Question

The two adjacent sides of a cyclic quadrilateral are 2 and 5 and the angle between them is ${60}^0$. If the area of the quadrirateral is $4\sqrt{3}$, find the remaining two sides.

Answer 1

Let AB = 2 and BC = 5. $\angle ABC={60}^0$ (given).

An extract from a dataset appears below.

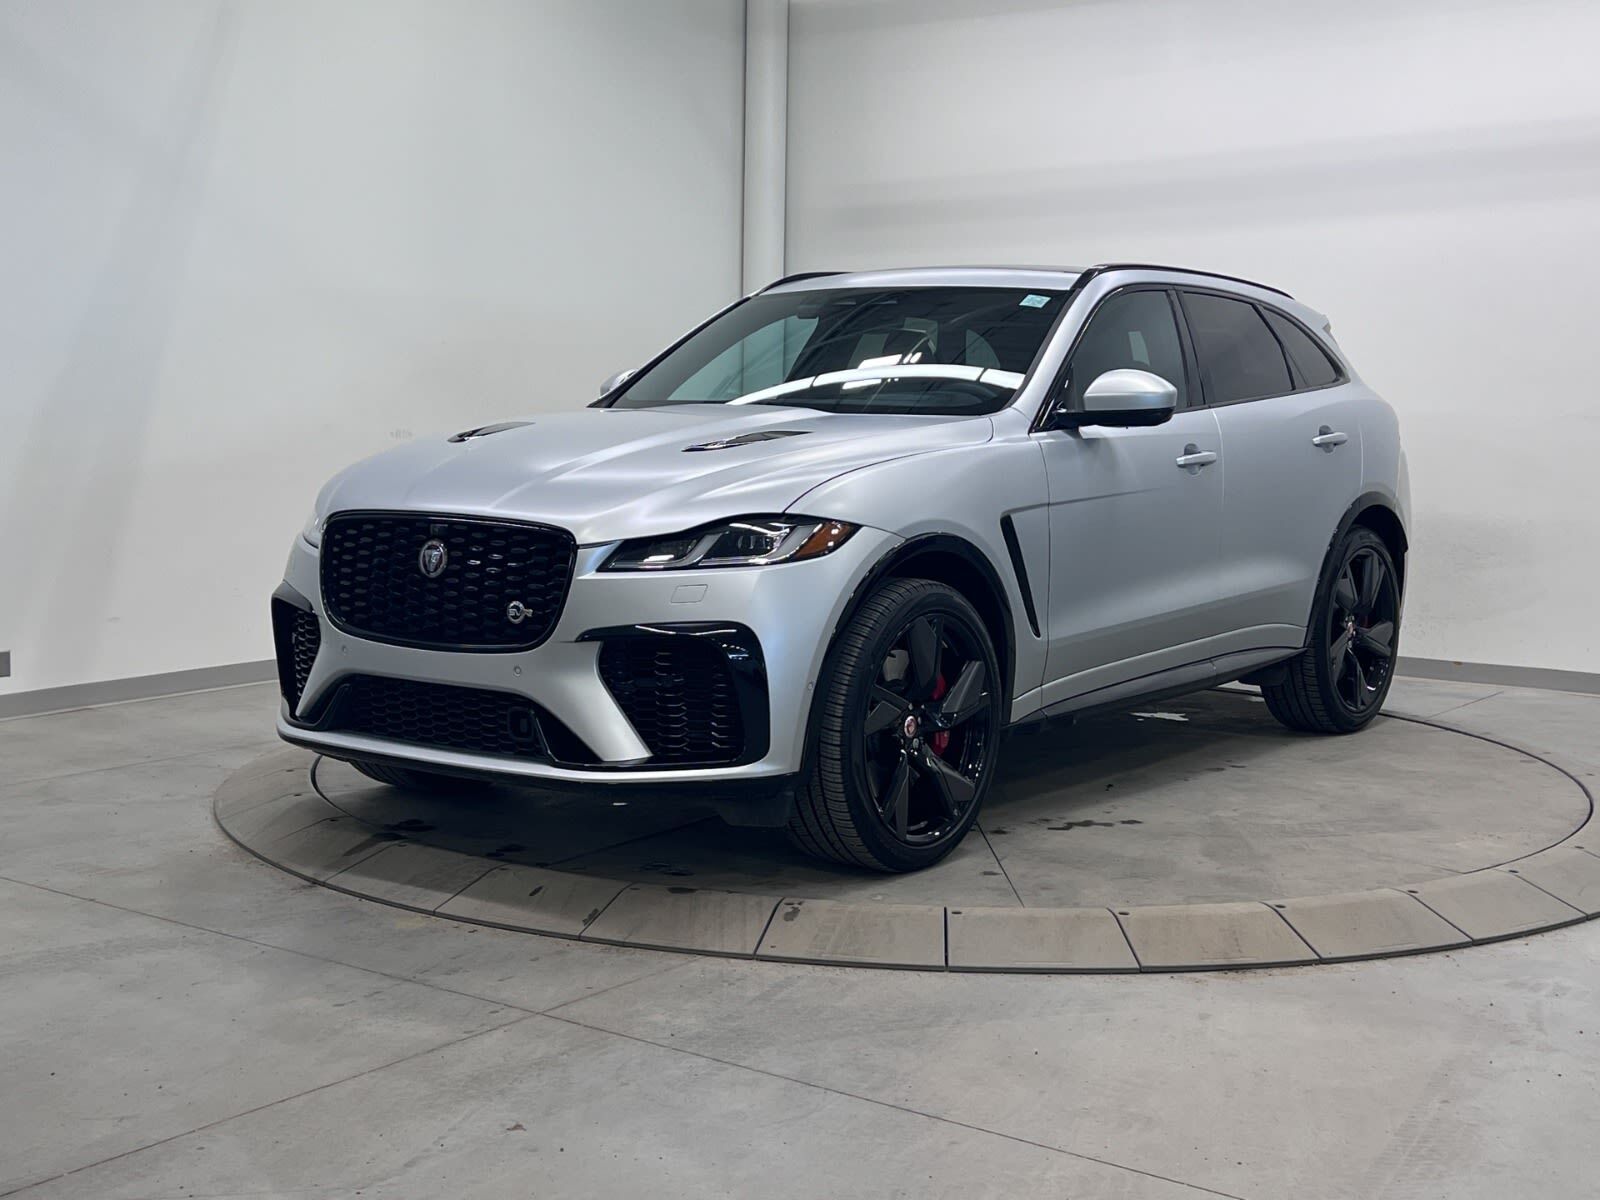 2023 Jaguar F-Pace CERTIFIED PRE OWNED RATES AS LOW AS 5.99%

Since the quadrilateral ABCD= Area of $△$ ABC+ Area of $△$ACD
=$\frac{1}{2}AB.BCsin{60}^0+\frac{1}{2}CD.DAsin{120}^0$
=$\frac{1}{2}.2.5.\frac{\sqrt{3}}{2}+\frac{1}{2}c.d.\frac{\sqrt{3}}{2}=4\sqrt{3}$ (given)
$\therefore \frac{\sqrt{3}}{4}cd=4\sqrt{3}-\frac{-5\sqrt{3}}{2}=\frac{3\sqrt{3}}{2}2$
or cd= 6 ....(1)
Also $A{B}^2+B{C}^2-2AB.BCcos{60}^0=A{C}^2$
=$C{D}^2+D{A}^2-2CD.DAcos{120}^0$ by cosine rule.

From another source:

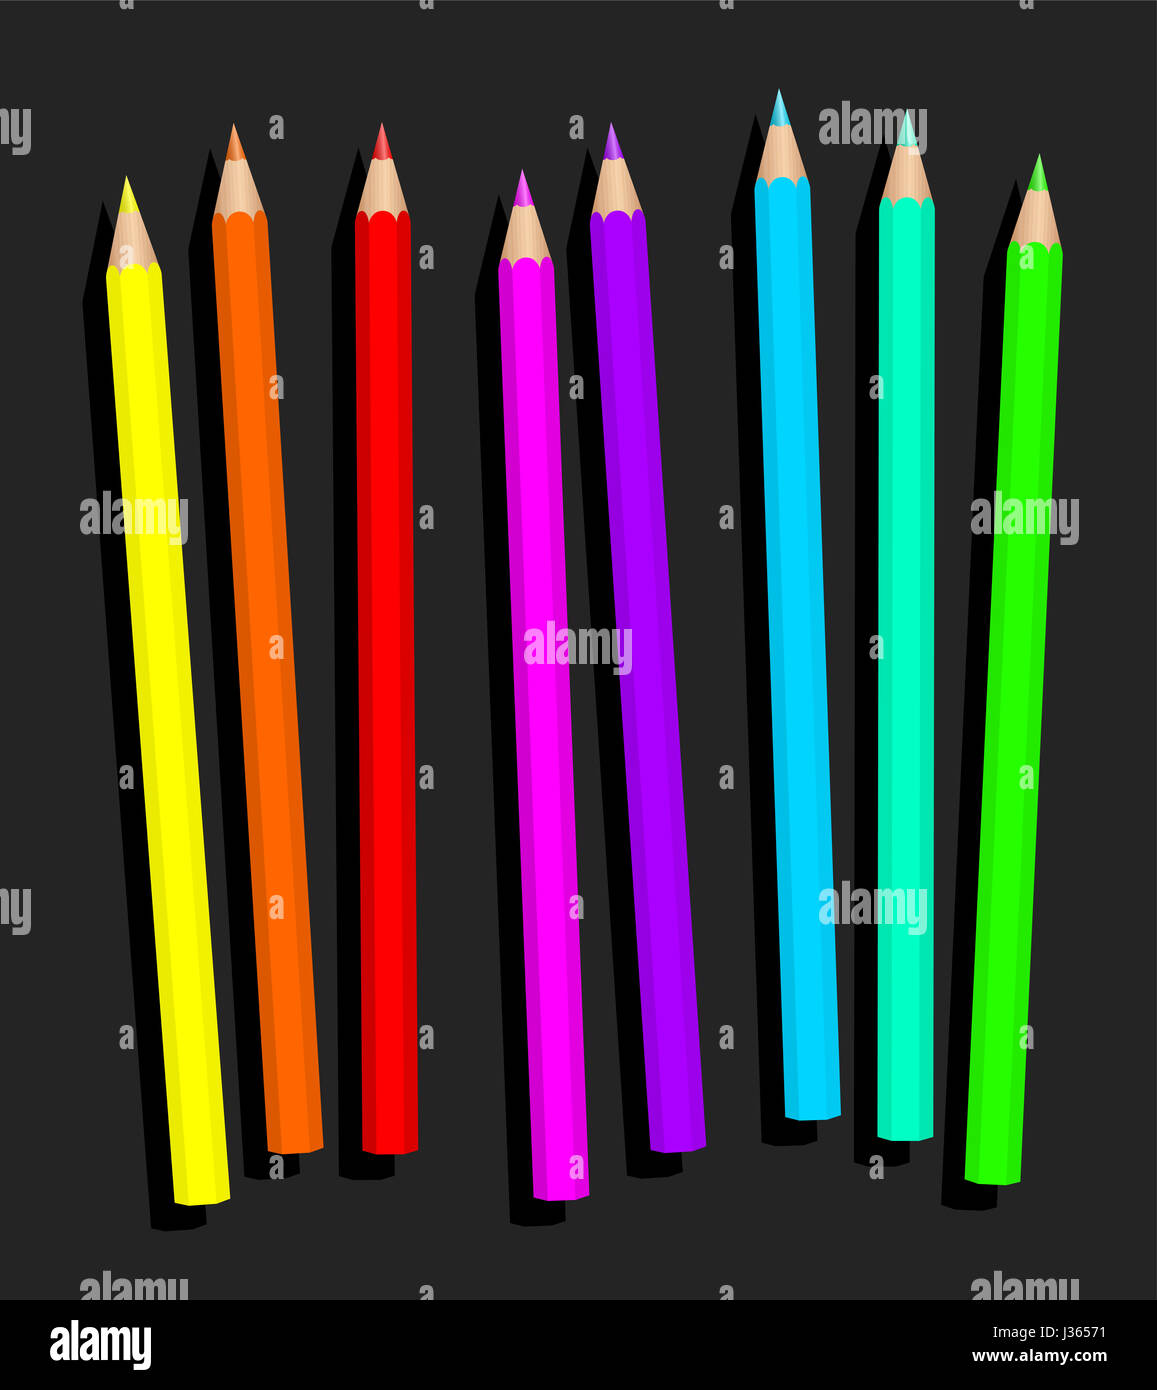 Neon pencil set, loosely arranged - fluorescent crayons for dynamically and glary colored drawings - isolated illustration on gray background. Stock Photo

or $4+25-\mathrm{2.2.5.}\frac{1}{2}=c^2+d^2+cd$
or $c^2+d^2+cd=19$ or $c^2+d^2=13$, By (1) ......(2)
Now from (1) and (2), we have
$c^2+d^2=13,c^2{d}^2=36$
$\therefore c^2$ and $d^2$ are the roots of
$t^2-13t+36=0\therefore t=9,4.$
or $c^2=9,d^2=4$ or $c^2=4,d^2=9$
$\therefore c=3,d=2orc=2,d=3.$
Hence the other two sides are 2 and 3.